- Born: April 19, 1981 (age 44) Chardon, Ohio
- Occupation: Artist

= Raychael Stine =

American painter and educator (born 1981)

Raychael Stine (born April 19, 1981) is an American painter and educator. She has exhibited nationally and internationally, and is a professor at the University of New Mexico.

==Biography==

Raychael Stine was born and spent her early years in Chardon, Ohio. Her family moved briefly to New Jersey before settling in north Texas, where she attended Flower Mound High School. She received her BFA in painting at the University of Texas at Dallas. She received an MFA at the University of Illinois Chicago. She lives in Albuquerque, New Mexico, where she is Assistant Professor in Painting & Drawing at the University of New Mexico.

==Subjects and themes==

Stine is known for her use of dogs as a primary subject of her paintings.
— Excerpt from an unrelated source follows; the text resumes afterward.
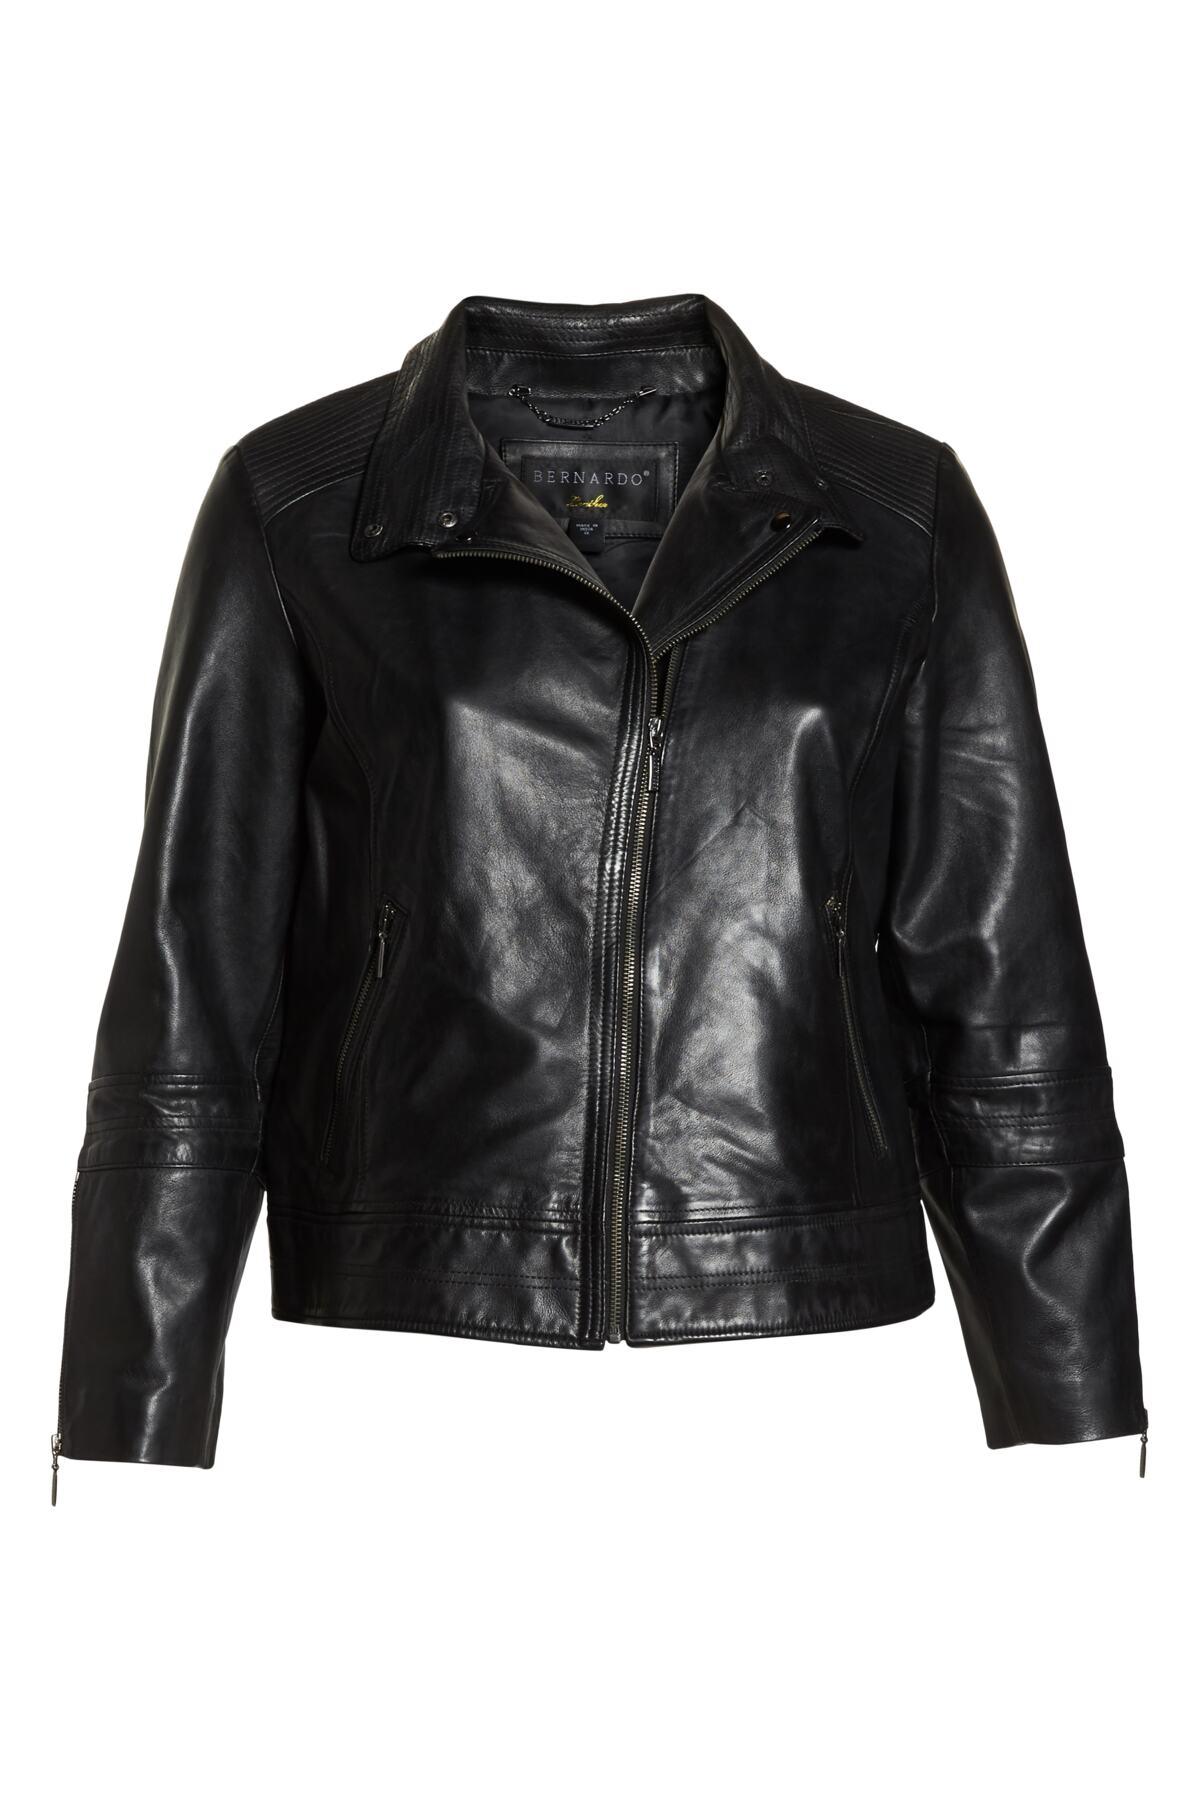 Bernardo Lambskin Leather Moto Jacket in Black Lyst

About this practice she states, "It's sort of illegal subject matter in the serious contemporary art world because it's really sentimental and soft, and it's not thought of as intellectual or conceptual. But figuring out how to relate to something or understand it physically and visually is like the entire process of a painting."

Stine was selected for New American Paintings Issues 132, 120 and 78 where she was awarded Juror’s Pick, the New Insight Exhibition at Art Chicago, and her work was exhibited in the Texas Biennial 2008.